This is not an article on Noetics or the latest wonder pill promising to turn you into the next Albert Einstein. We are talking about the elusive "image quality" we all crave for our pictures and the most rational current methods to achieve it.
If one reflects on online discussions, it seems that G.A.S. is a chronic disease with digital era photographers. The problem is always lack of the latest camera body (e.g. "I've got to have Full Frame"®) or the next wonder lens that will resolve about a million lpm, because how else can you obtain the sharpness you crave?
We all know, deep in our hearts, that the problem is really second-rate technique, but we like to fool ourselves that, in fact, the technical inadequacy is with the gear, not ourselves.
That said, in the digital environment, there is indeed a sometimes overlooked parameter that can help in soothing the "not enough IQ" woes; and possibly play well with our bank account too.
It's called "software".
I've spend most of my adult life as a software engineer, and learned early on that, optimizing a few lines of code can lead to a ten-fold improvement in operation speed, whereas you'd need at least two generations of hardware upgrades to accomplish the same.
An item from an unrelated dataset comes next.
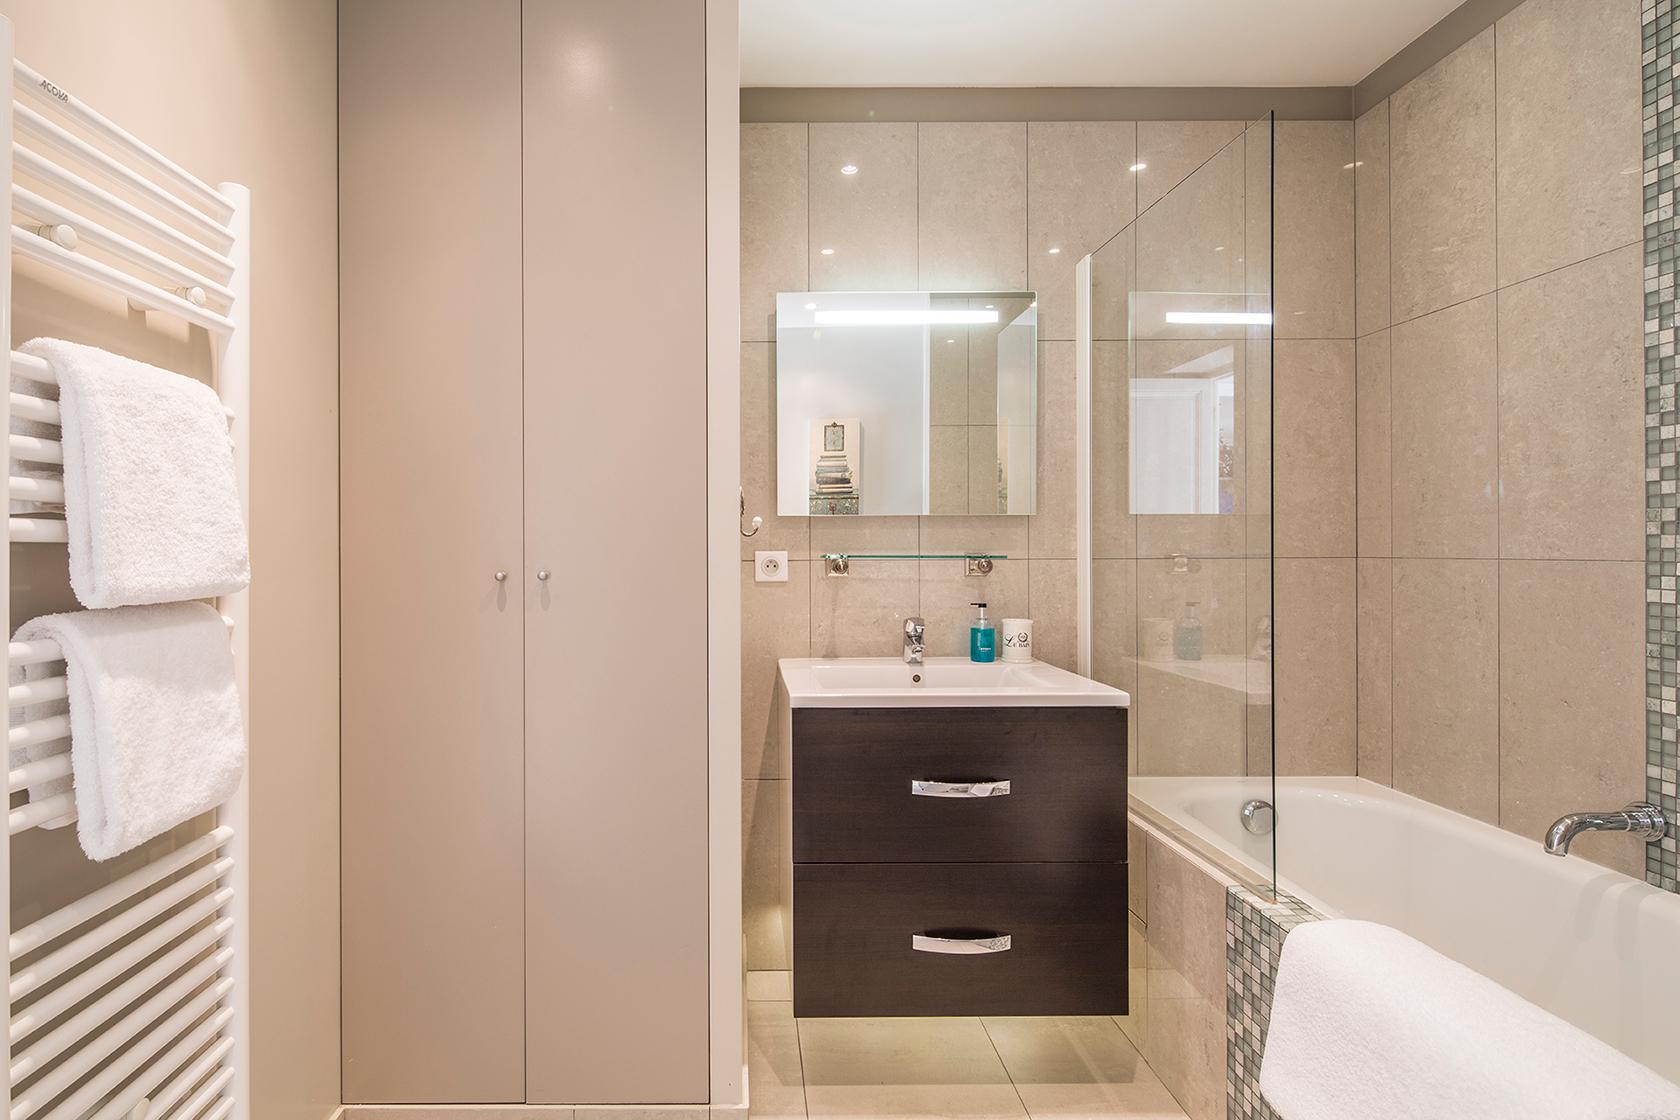 Beaujolais master bathroom before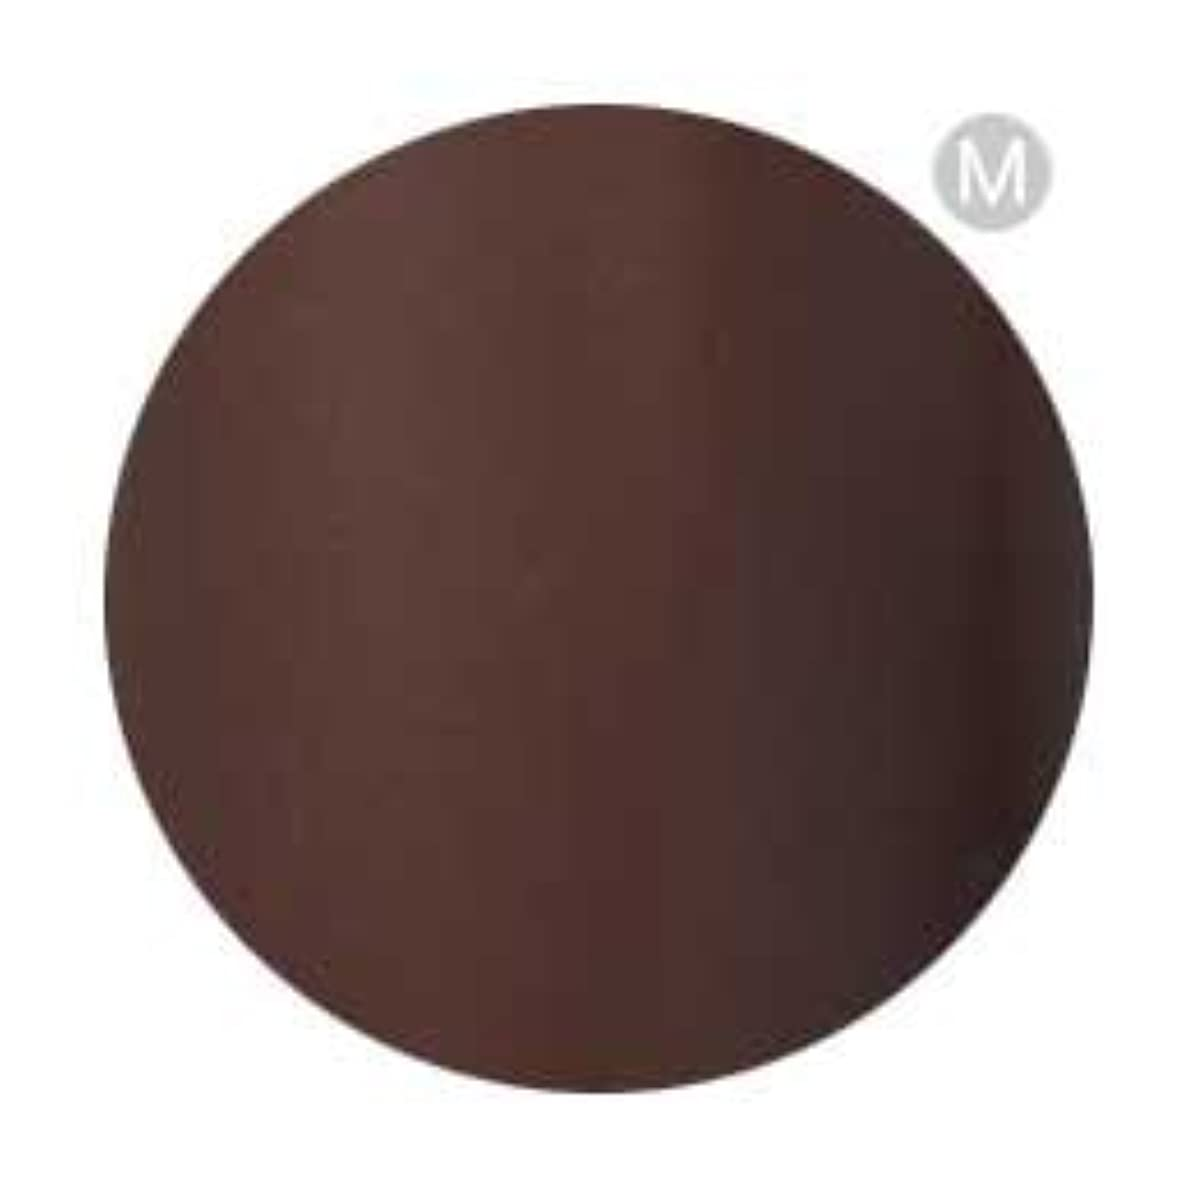 公使館生産的オデュッセウスPalms Graceful カラージェル 3g 050 チョコレート

This is true both for user-installed as well as system software; in the case of our gear, firmware.
Starting with RAW converters: It's already known that different applications produce varied results with different camera systems. One example is with the dreaded Olympus Viewer, the official Olympus converters/post processing software. In most cases, it does a much better job in retaining detail and optimizing noise signatures. It gets even more critical where demosaicing a non-standard sensor is the case. For example I've seen different results with Fuji X-Trans sensor output through several RAW converters.
Whether results are "better" or "worse" may be a matter of taste and application. In any case, it's a splendid idea to research a little in what's available and try a few on your own files. It may be that a specific RAW converter is perfectly suited to your needs, and the improvement can be significant from the get go.
Post processing software is the second stage in this quest. First of all, be sure to upgrade to the latest stable release version available. I find it really mind-blowing when I sometimes re-process files from Canon DSLRs I used to work with about 3 years ago, using the newest releases. In some examples, results are day and night; and we are talking just one "major" (e.g. version 4.xx to 5.xx) software upgrade. Latest versions may have better de-noising algorithms, they may do a much more efficient job at sharpening, and possibly have more involved color profiles for your camera. They may also include more up to date profiles for lenses, an often underated factor which can make a world of difference.
Which leads us to the obvious: always invest in learning how to use your applications. More often than not, it's user lack of knowledge that leads to crappy results. Invest in a book or even a series of free online lessons of which there are dozens available. Post processing software is our darkroom and photo lab, we can't afford to be mediocre in using it.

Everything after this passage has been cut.